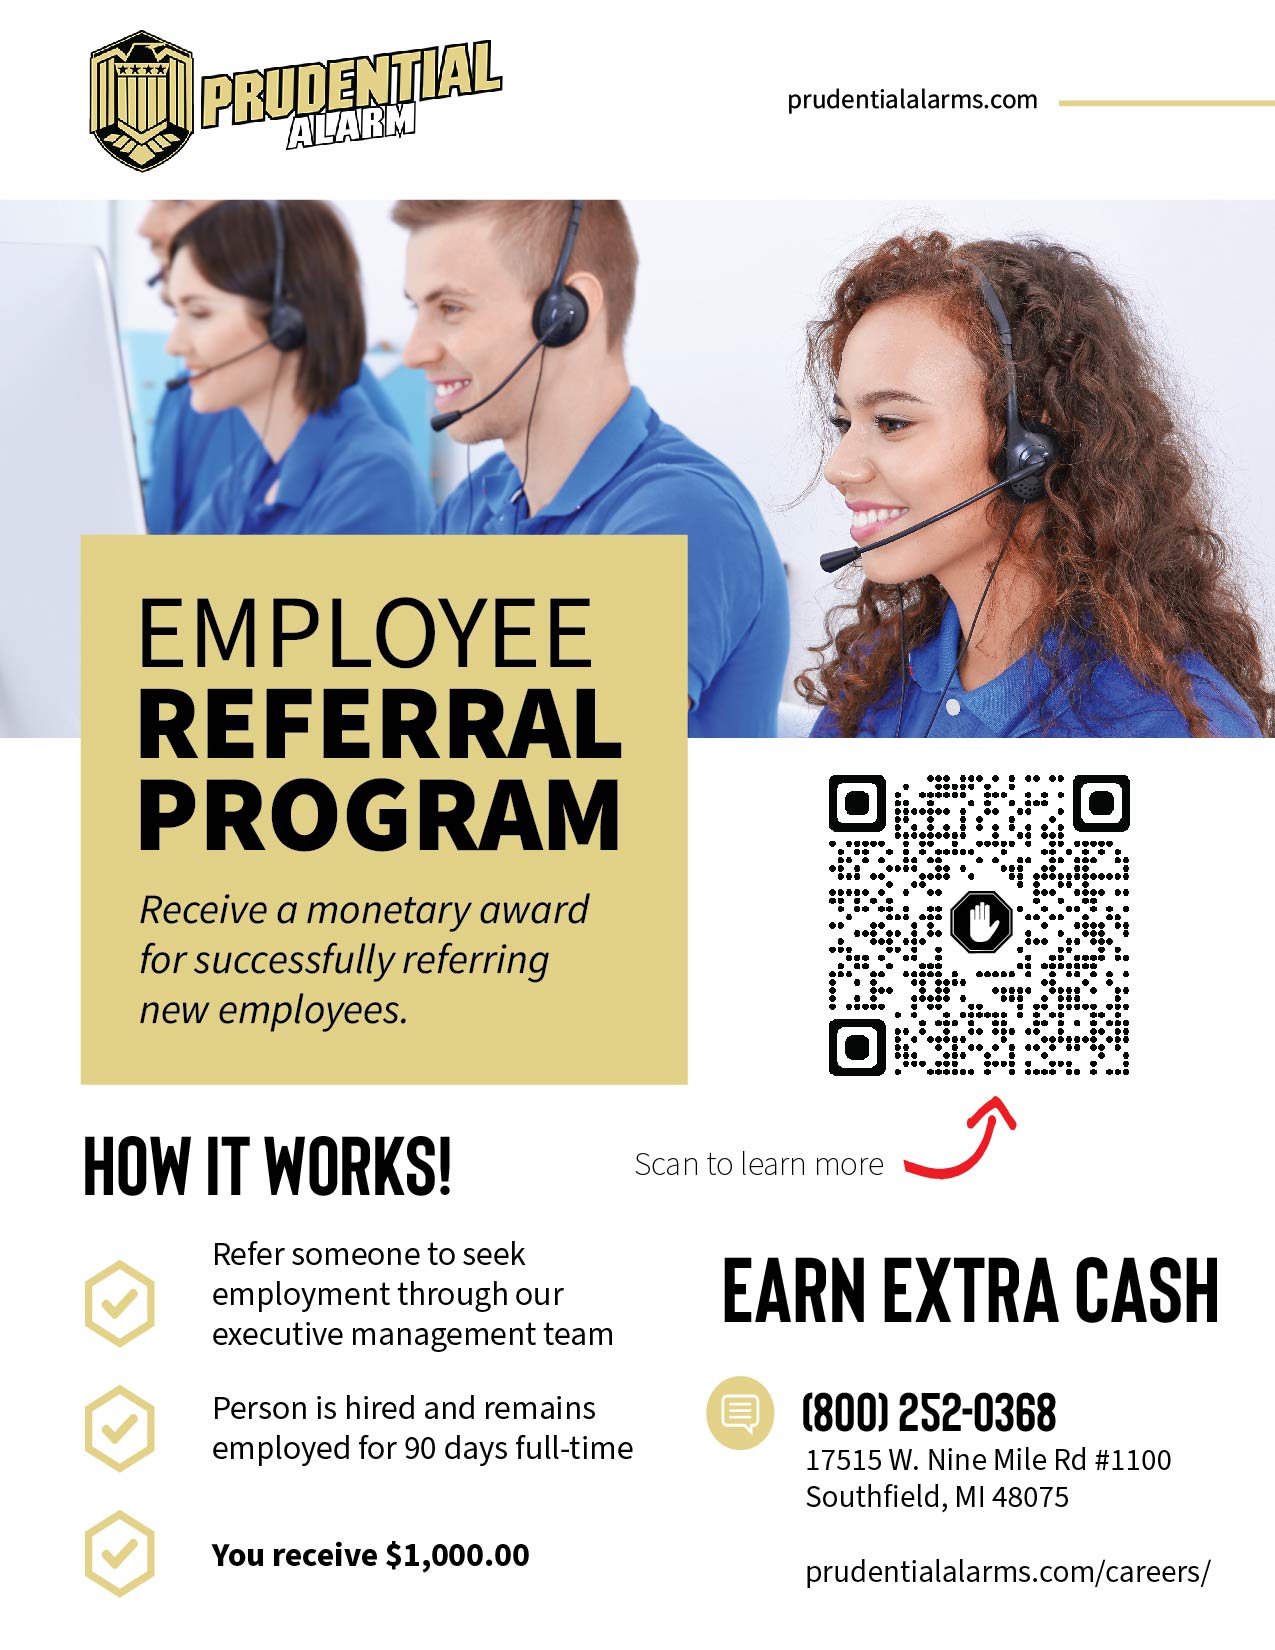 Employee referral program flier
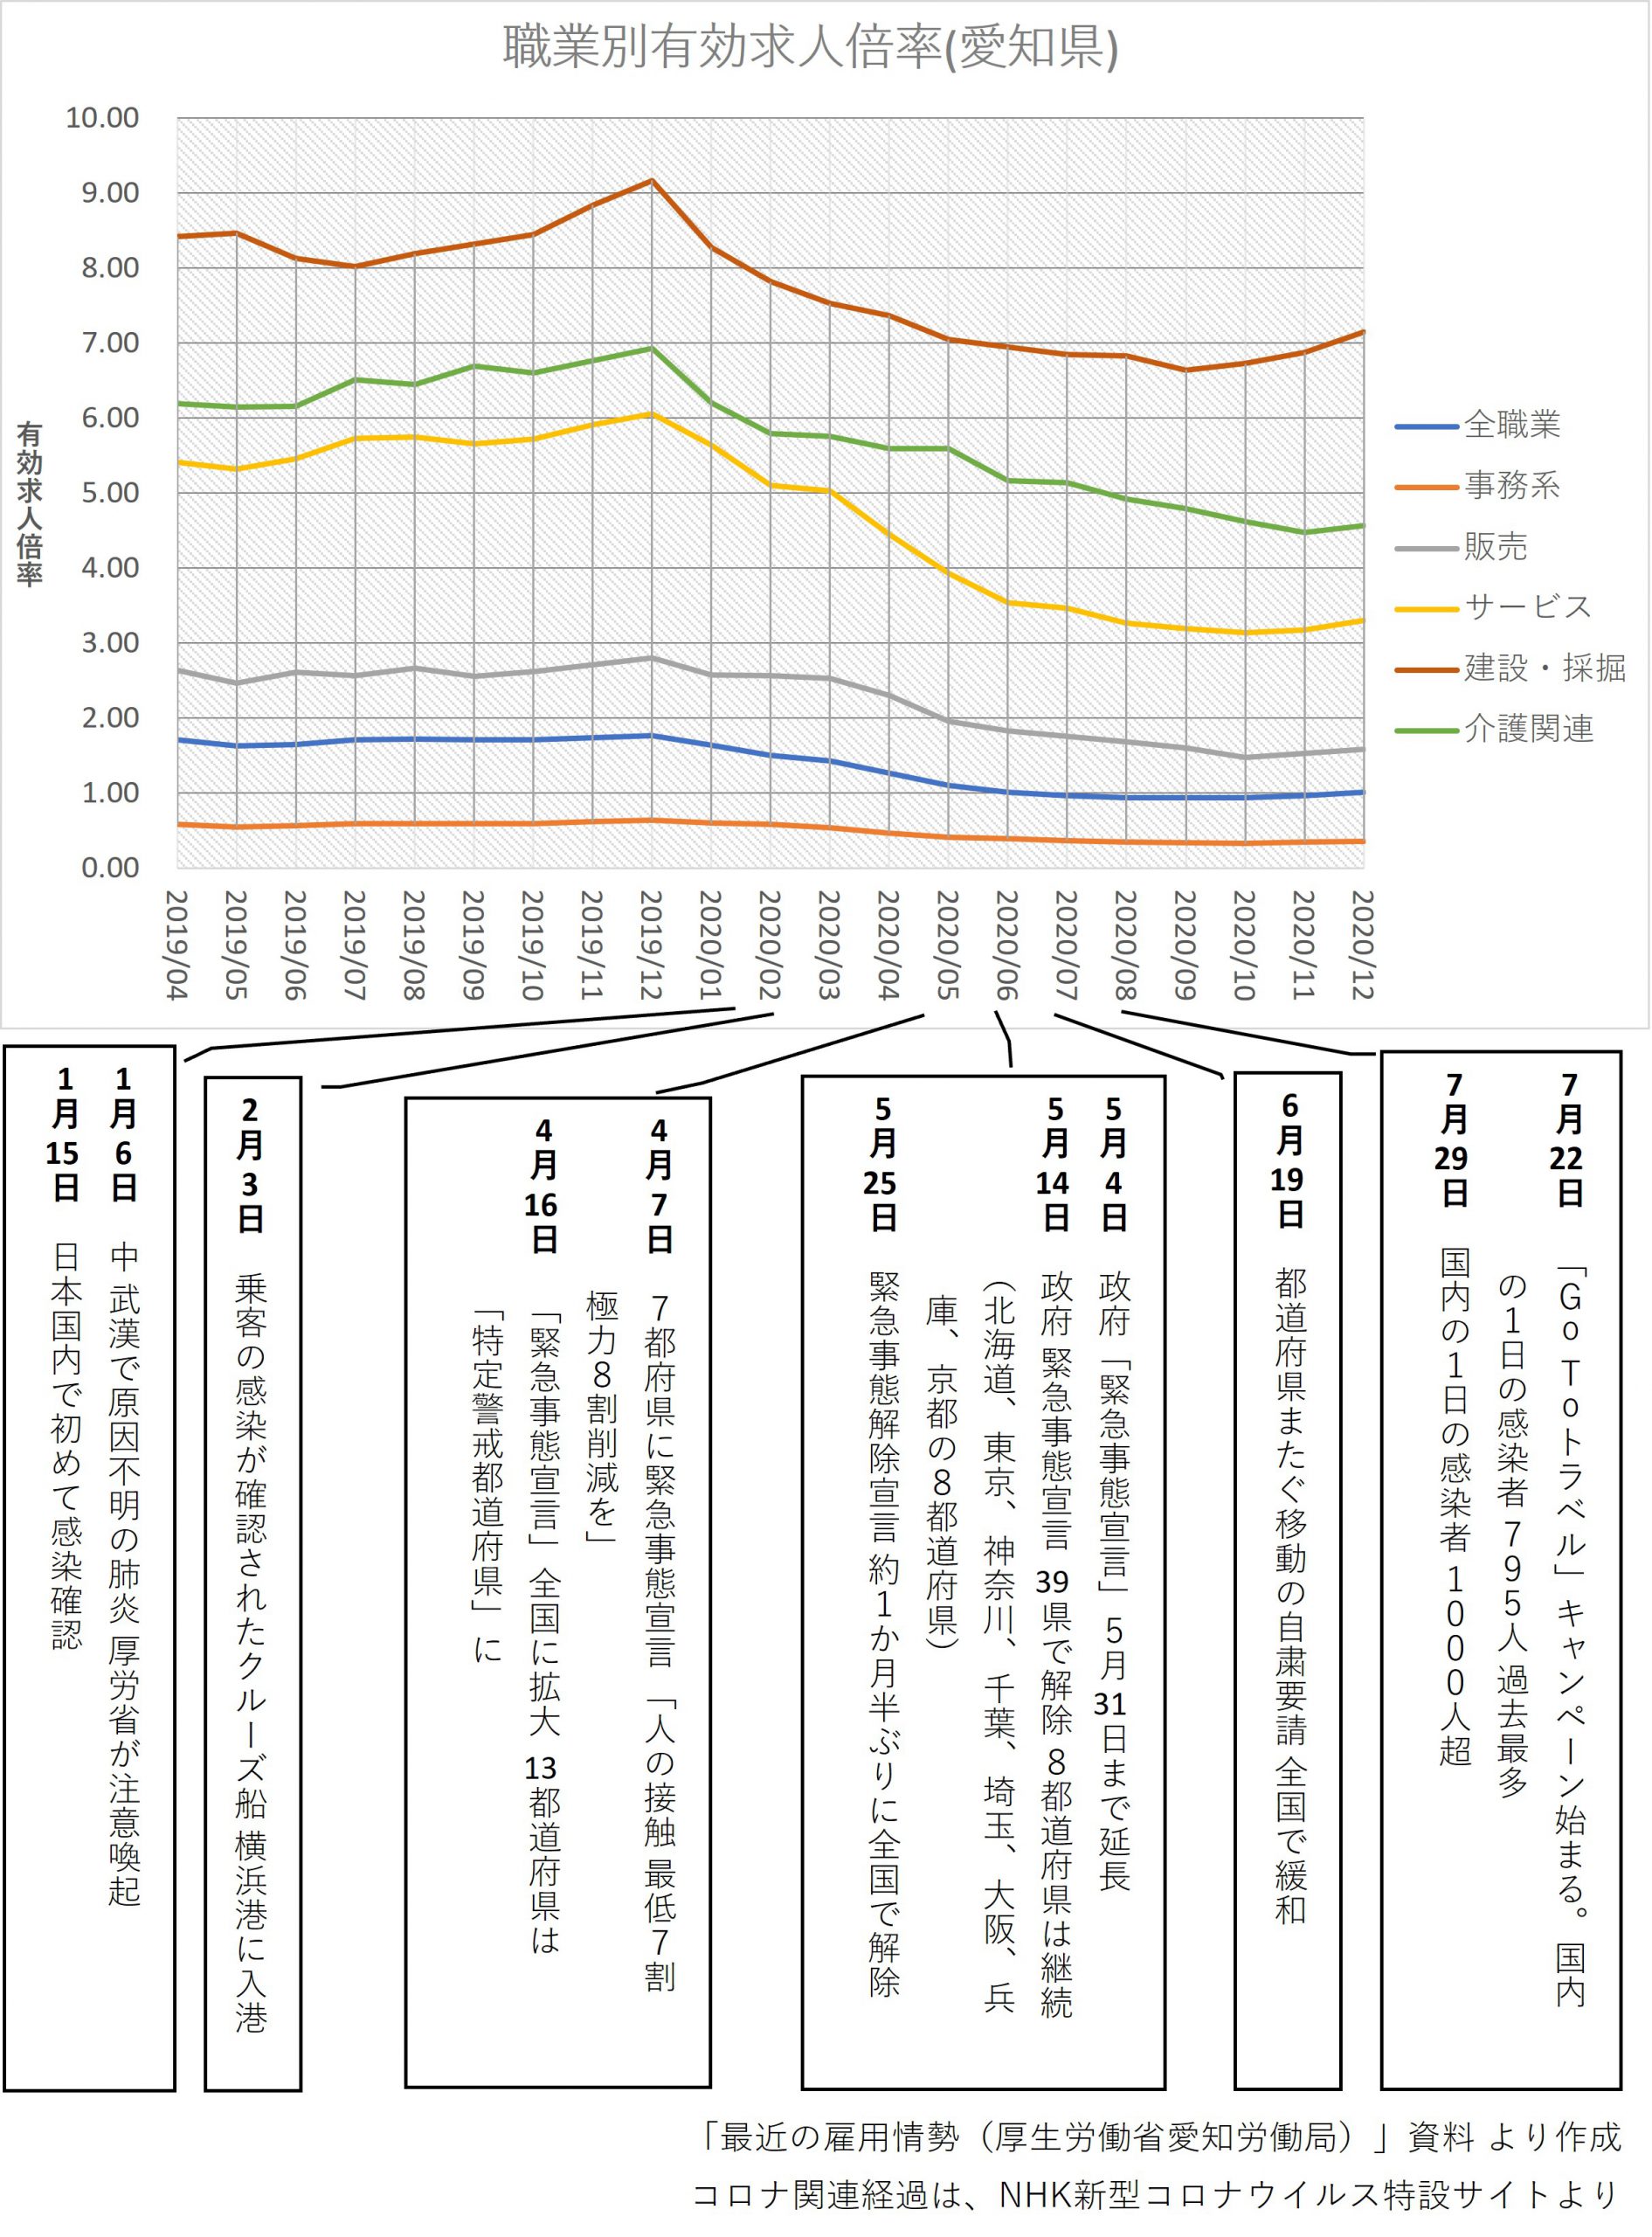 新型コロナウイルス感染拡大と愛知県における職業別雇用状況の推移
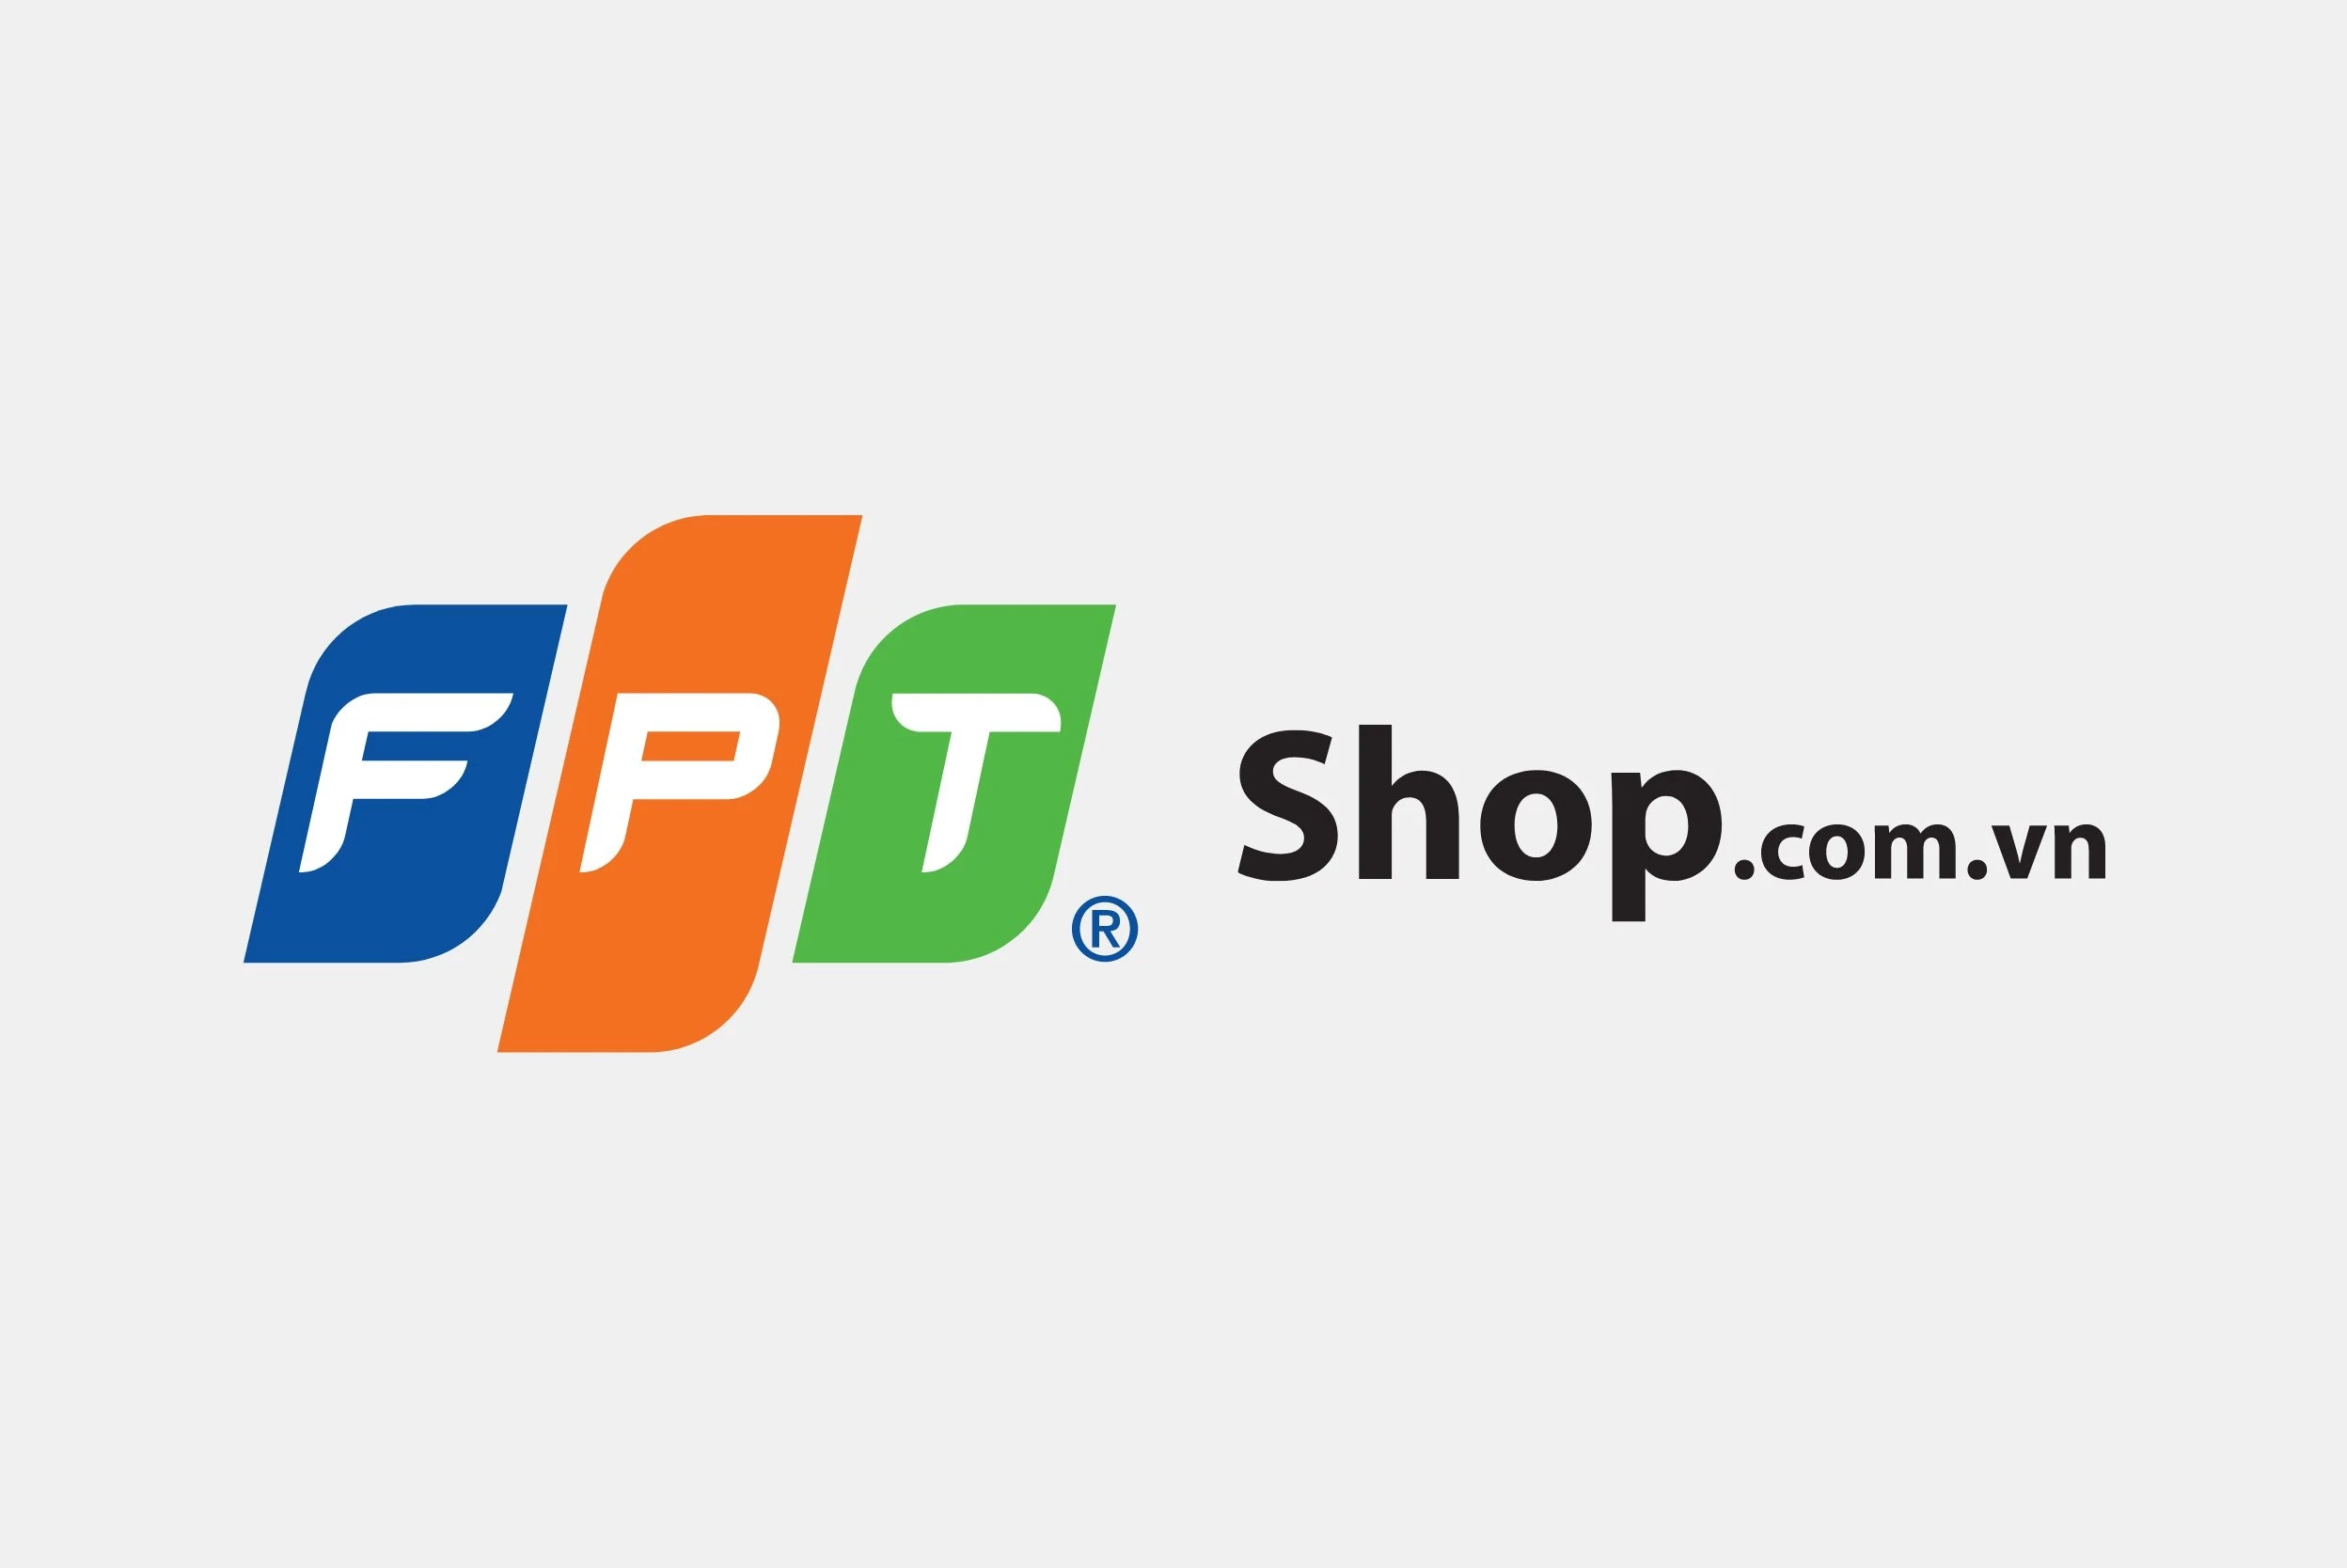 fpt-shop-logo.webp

::::::::::

**Requirement**
Print the listing word for word, but omit the pictures.

**Result of the task**
 Employee referral program flier
 新型コロナウイルス感染拡大と愛知県における職業別雇用状況の推移
 fpt-shop-logo.webp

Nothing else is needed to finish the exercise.